Content | Description |
Language type | Supports Mandarin, Cantonese, English, Korean, Japanese, Thai, Indonesian, Malay, and Arabic. The corresponding language type can be set through the API parameter engine_model_type. |
Supports industries | Common, finance, gaming, education, health care |
audio attribute | Sampling Rate: 16000 Hz or 8000 Hz Sampling Accuracy: 16 bits Sound channel: mono |
Audio format | pcm、wav、opus、speex、silk、mp3、m4a、aac |
request protocol | wss protocol |
Request URL | wss://asr.cloud.tencent.com/asr/v2/<appid>?{request parameters} |
API authentication | signature authentication mechanism. For details, see Signature Generation |
response format | Unify and use JSON format |
data transmission | It is recommended to send a 40ms duration data packet every 40ms (1:1 real-time rate), corresponding to pcm sizes of 640 bytes at 8k sampling rate and 1280 bytes at 16k sampling rate.

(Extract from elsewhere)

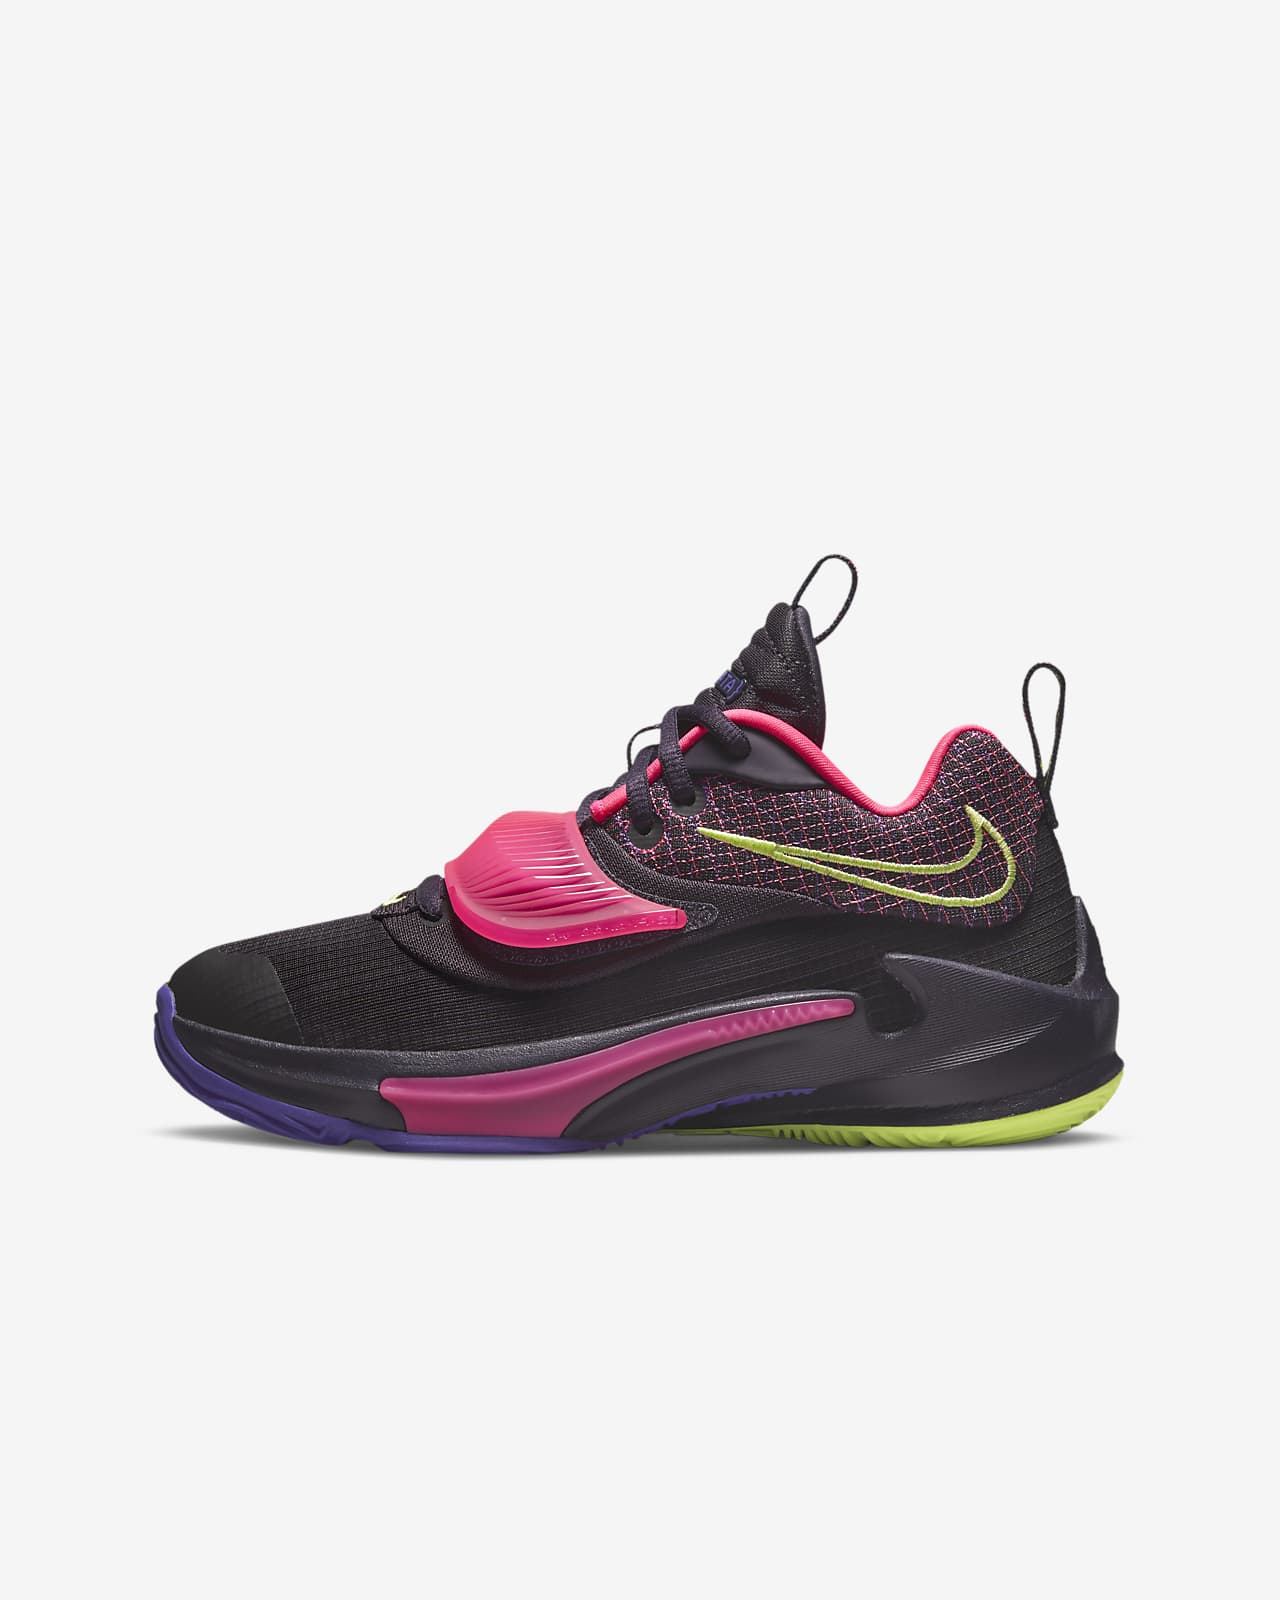 Freak 3 Big Kids' Basketball Shoes

The audio sending rate is too fast, exceeding the 1:1 real-time rate, or the sending interval between audio data packets exceeds 6 seconds, which may cause an engine error. The backend will return an error and actively disconnect. |
concurrency limit | The default single account concurrent connection limit is 20. If you need to increase the concurrent limit, submit a ticket for consultation. |
Field Name | Type | Description |
code | Integer | Status code; 0 indicates normal operation, non-zero values indicate errors. |
message | String | Error description. When an error occurs, display the reason for the error occurrence. As the business develops or experience optimization progresses, this text may be frequently updated. |
voice_id | String | unique audio stream id, generated by the client during the handshake phase and assigned to the API call parameters |
message_id | String | unique message id |
result | Result | latest speech recognition result |
final | Integer | When this field returns 1, it means the audio stream recognition is completed. |
Field Name | Type | Description |
slice_type | Integer | Recognition result type: 0: Start of a Sentence Recognition 1: In the process of sentence recognition, voice_text_str is an Unstable Result (the recognition result may still change). 2: End of sentence recognition, voice_text_str is a Steady-State Result (the recognition result no longer changes). During audio sending, the slice_type sequence that may be returned during the recognition process includes: 0-1-2: Start of sentence recognition, recognition in progress (may return multiple 1s), recognition completed 0-2: Start of sentence recognition, recognition completed Return directly the complete recognition result of a paragraph |
index | Integer | Sequence number of the current sentence in the entire audio stream, starting from 0 and incrementing sentence by sentence |
start_time | Integer | Start time of the current sentence in the audio stream |
end_time | Integer | End time of the current sentence in the audio stream |
voice_text_str | String | Current paragraph text result, coded as UTF8 |
word_size | Integer | Number of word results in the current paragraph |
word_list | Word Array | Word list of the current sentence, Word Structure Format: word: String type, content of the word start_time: Integer type, start time of the word in the entire audio stream end_time: Integer type, end time of the word in the entire audio stream stable_flag: Integer type, stable result of the word, 0 indicates the word may change in subsequent recognition, 1 indicates the word will not change in subsequent recognition |
wss://asr.cloud.tencent.com/asr/v2/<appid>?{request parameters}
key1=value2&key2=value2...(URL encode both key and value)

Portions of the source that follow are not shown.